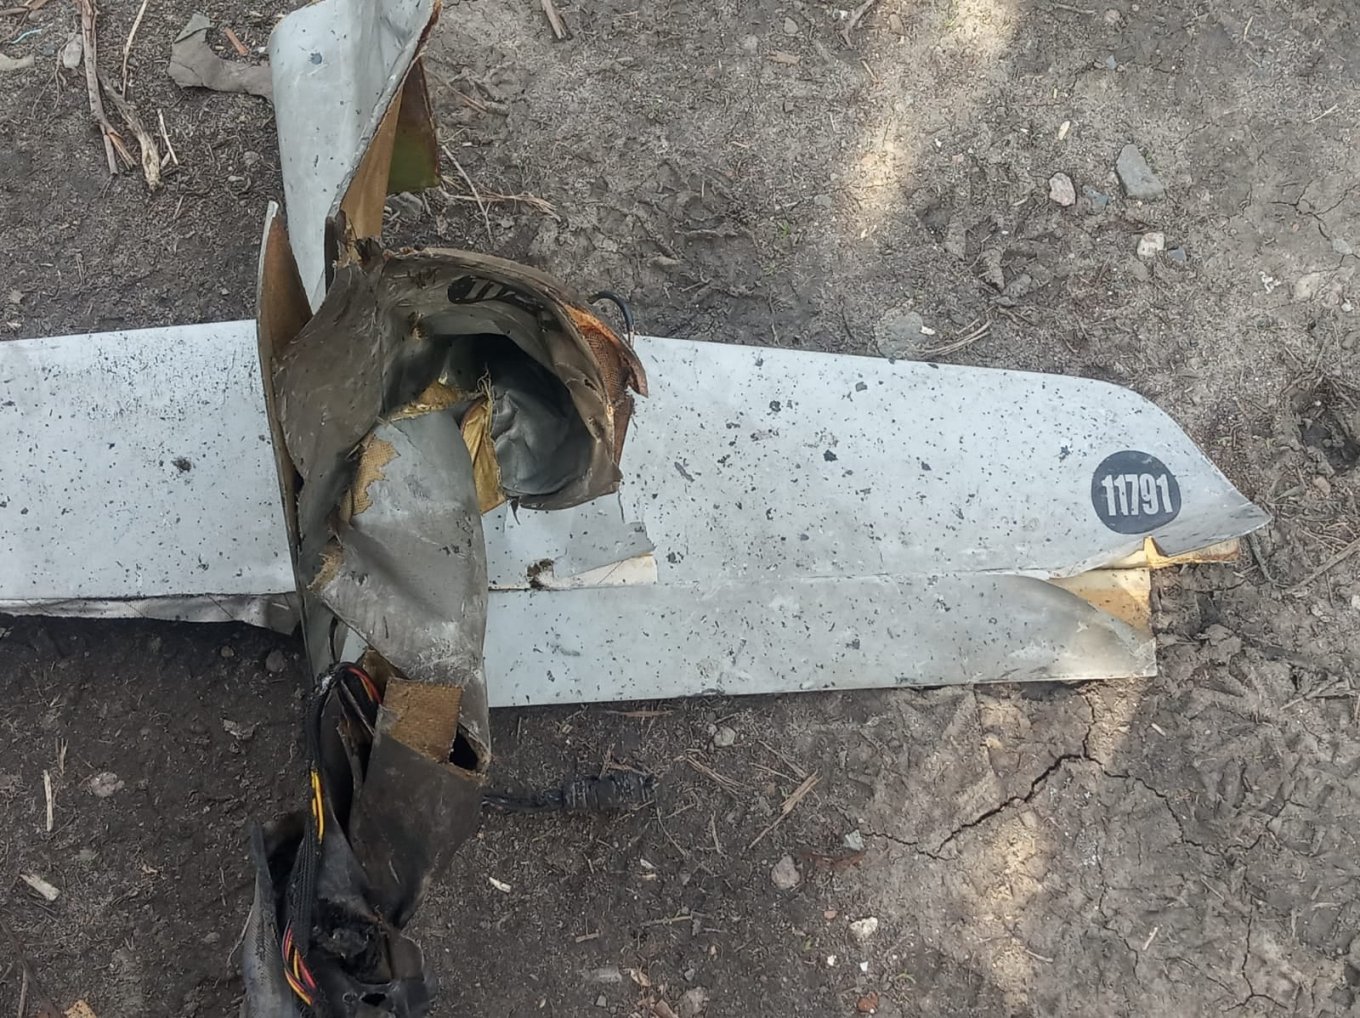 Ukrains Air Assault Forces shot down russia’s Orlan-10 UAV in Donetsk region, Defense Express
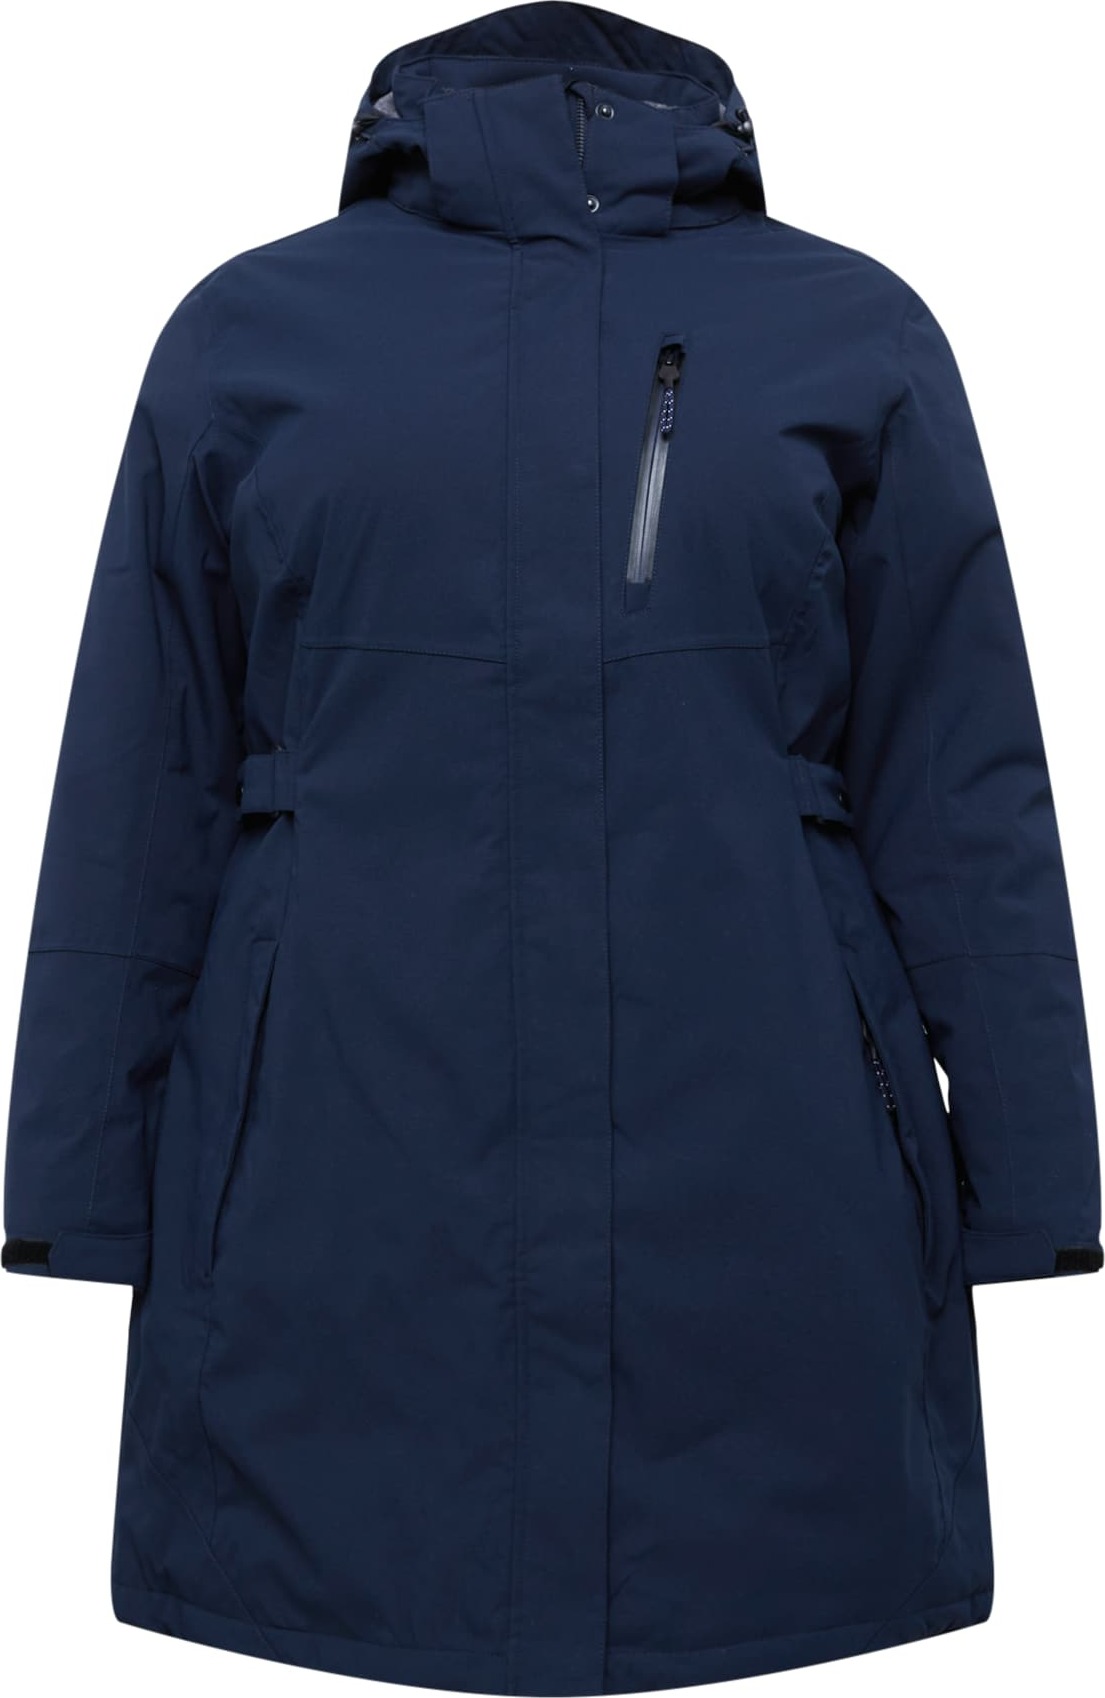 KILLTEC Outdoorová bunda námořnická modř
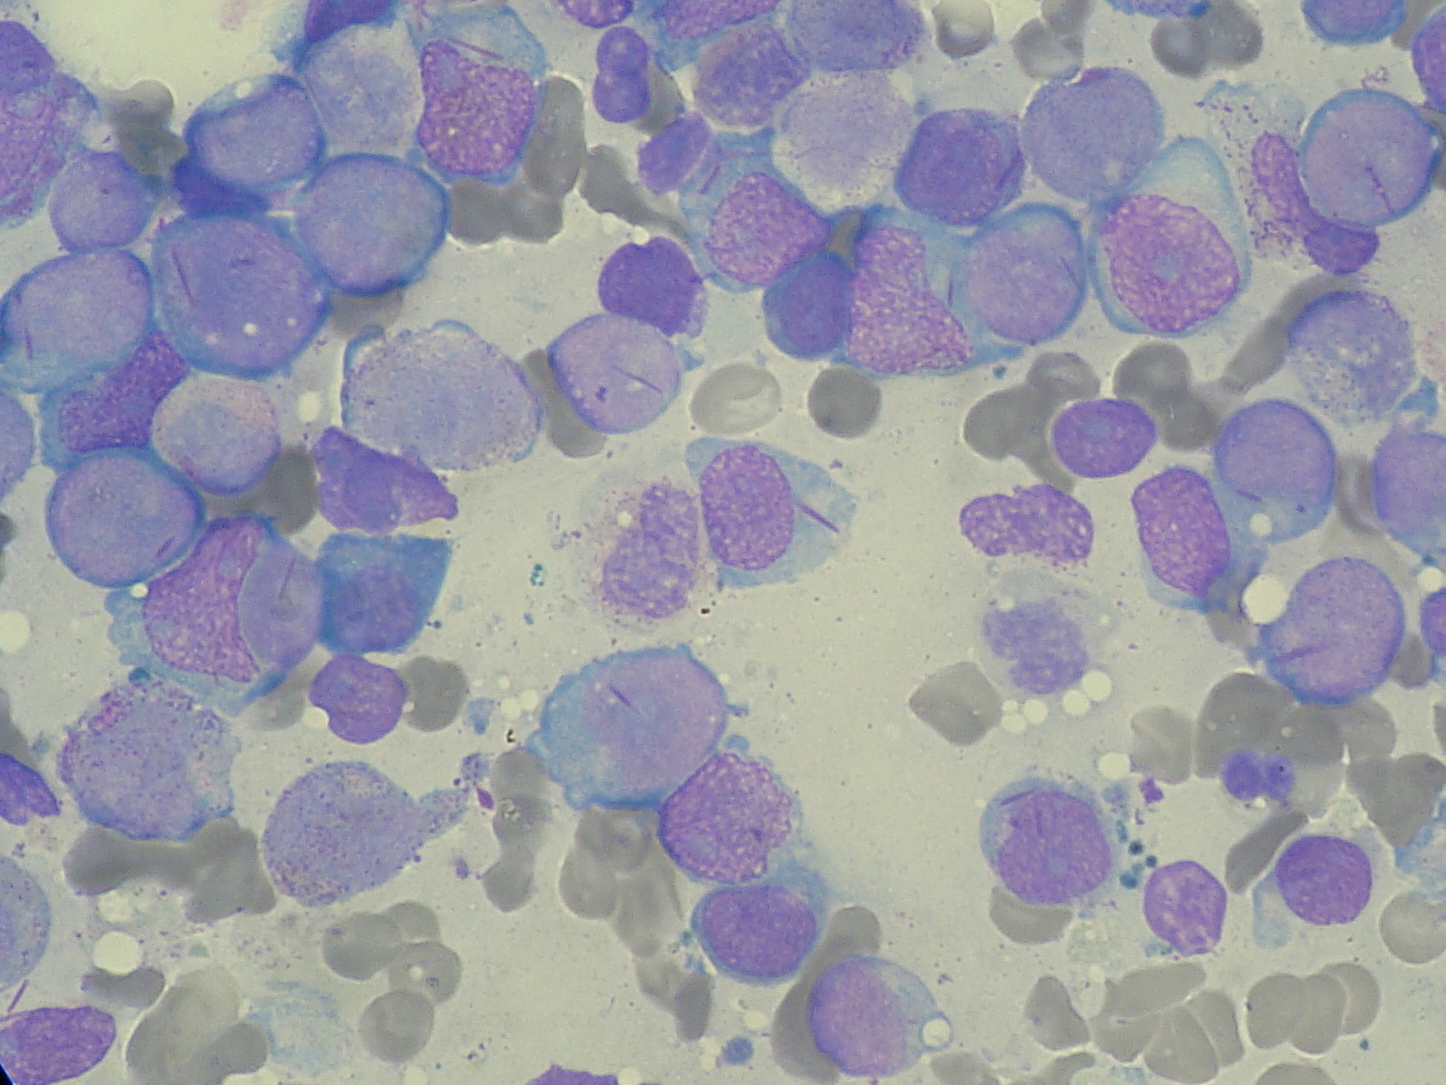 Myeloblasts with Auer rods seen in acute myeloid leukemia
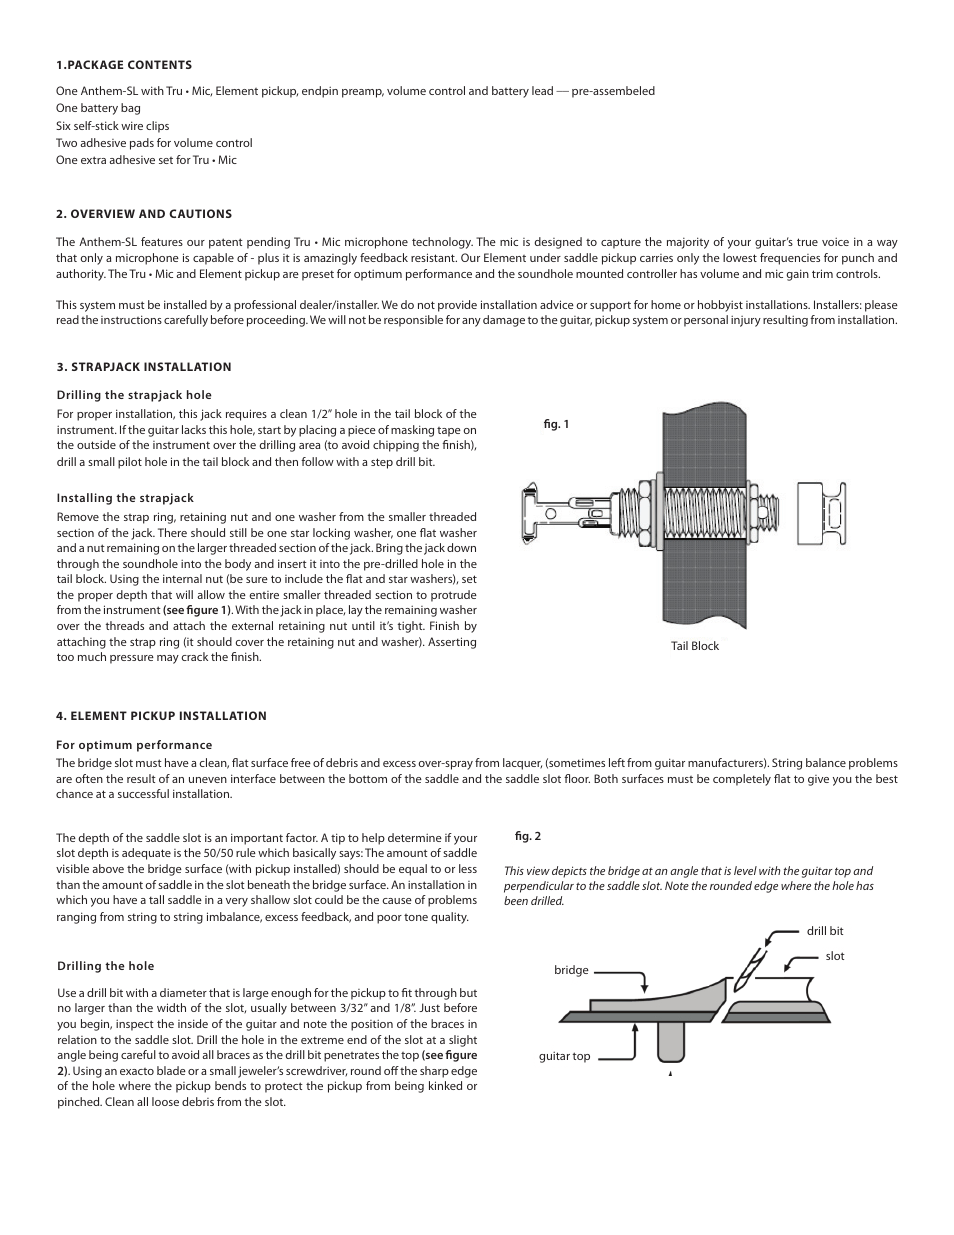 LR Baggs Anthem SL: Installation Manual User Manual | Page 2 / 4
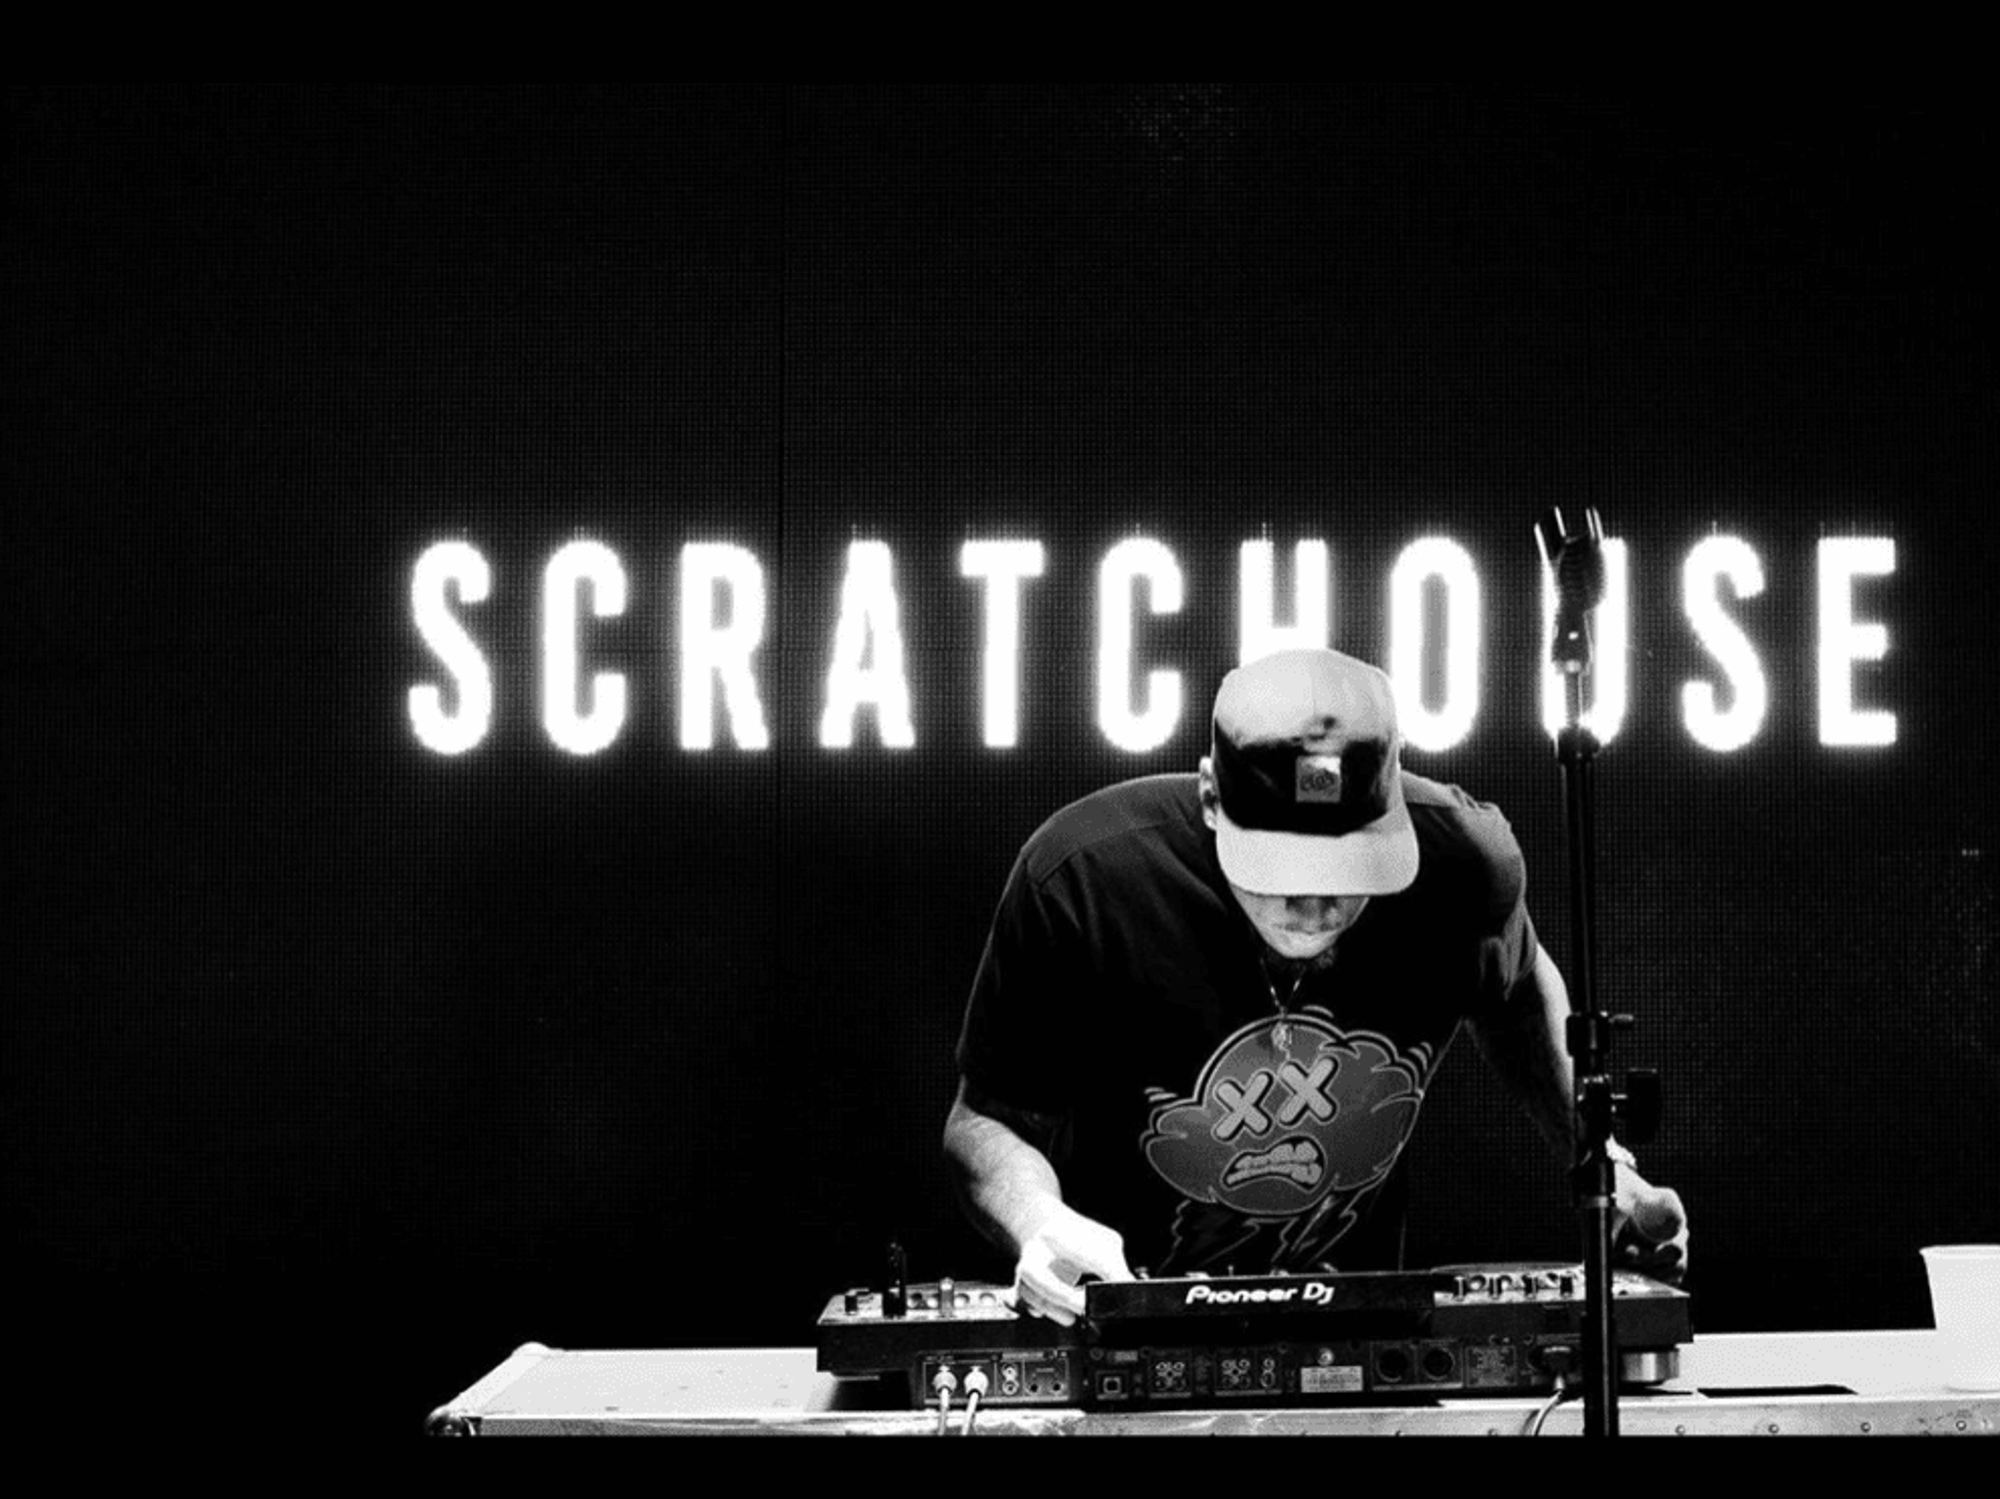 Scratchouse DJ

**About this exercise**.
Word for word, repeat the material above and drop the pictures.

**Exercise solution**.
 Ukrains Air Assault Forces shot down russia’s Orlan-10 UAV in Donetsk region, Defense Express
 KILLTEC Outdoorová bunda námořnická modř
 Myeloblasts with Auer rods seen in acute myeloid leukemia
 LR Baggs Anthem SL: Installation Manual User Manual | Page 2 / 4
 Scratchouse DJ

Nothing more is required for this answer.